PHN GUIDELINE: IMPETIGO

I. DEFINITION:

Most common skin infection in children caused by invasion of the epidermis by pathogenic
Staphylococcus aureus or Streptococcus pyogenes, or a combination of these.

II. ETIOLOGY:

A. Pathogens are streptococci and/or staphylococci.

B. Direct contact with infected persons, contaminated fomites, or direct contact with an
asymptomatic carrier.

C. Nares are the major site of colonization; auto-infection is responsible for a significant
number of infections.

D. Insect bites, scabies, or other minor trauma to skin may precede infection.

E. Incubation period is typically 1-3 days for streptococcal disease and 4-10 days for
staphylococcal disease.

F. Communicable while purulent lesions are draining or while carrier state persists.

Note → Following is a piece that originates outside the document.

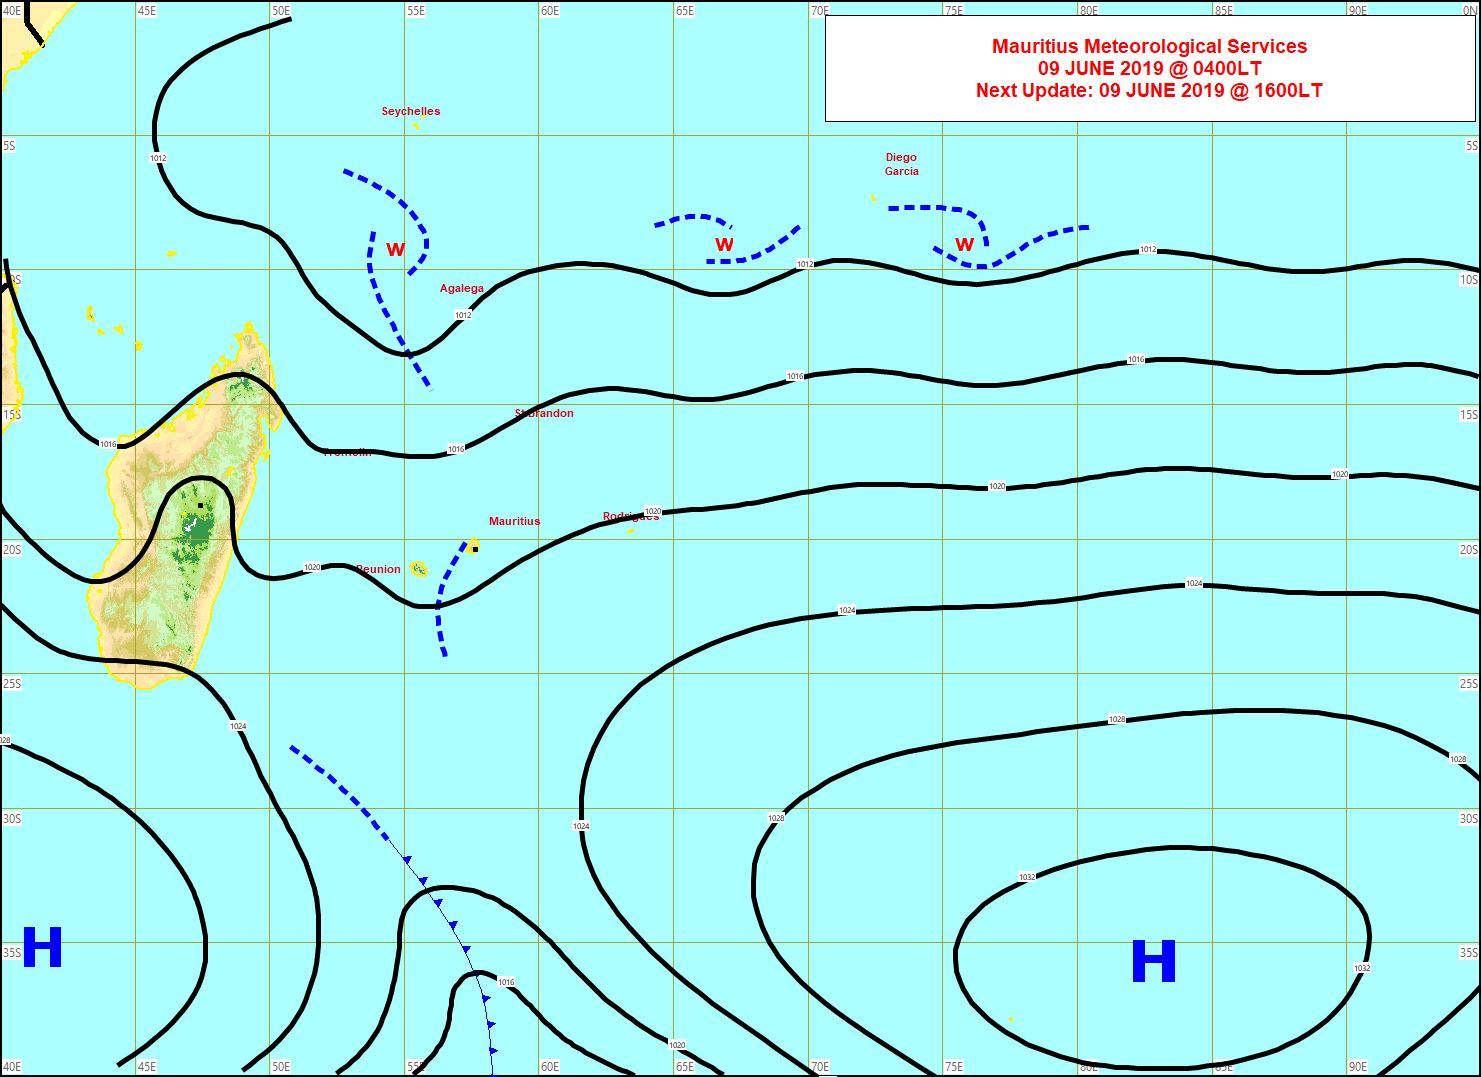 Analyse de surface ce matin. Répit dominical au niveau des vents pour les Iles Soeurs. Cependant un anticyclone s'approche par le sud-ouest. L'alizé va nettement se renforcer à partir de lundi sur la zone alors que la haute mer va grossir. MMS

G. Peak incidence is late summer and early fall and occurs most commonly in young
children.

H. Recent trends have shown an increasing incidence of Staph. aureus-associated


impetigo. Common in sports because of the increased perspiration, body heat and
friction caused by sports equipment

I. Over the last decade, the emergence of community-acquired Methicillin resistant


Staphylococcus aureus (CA-MRSA) requires the provider to be mindful of community
acquired pathogens.

III. CLINICAL FEATURES (Diagnostic Criteria):

A. Signs and Symptoms:

1. Impetigo occurs in two clinical forms: Localized lymphadenopathy less common


than in non-bullous form.
a. Bullous (blistering) - Less common and is seen primarily in newborns
and infants.
b. Nonbullous (crusting) - Accounts for more than 70% of cases.

2. Physical symptoms uncommon, unless lesions widespread.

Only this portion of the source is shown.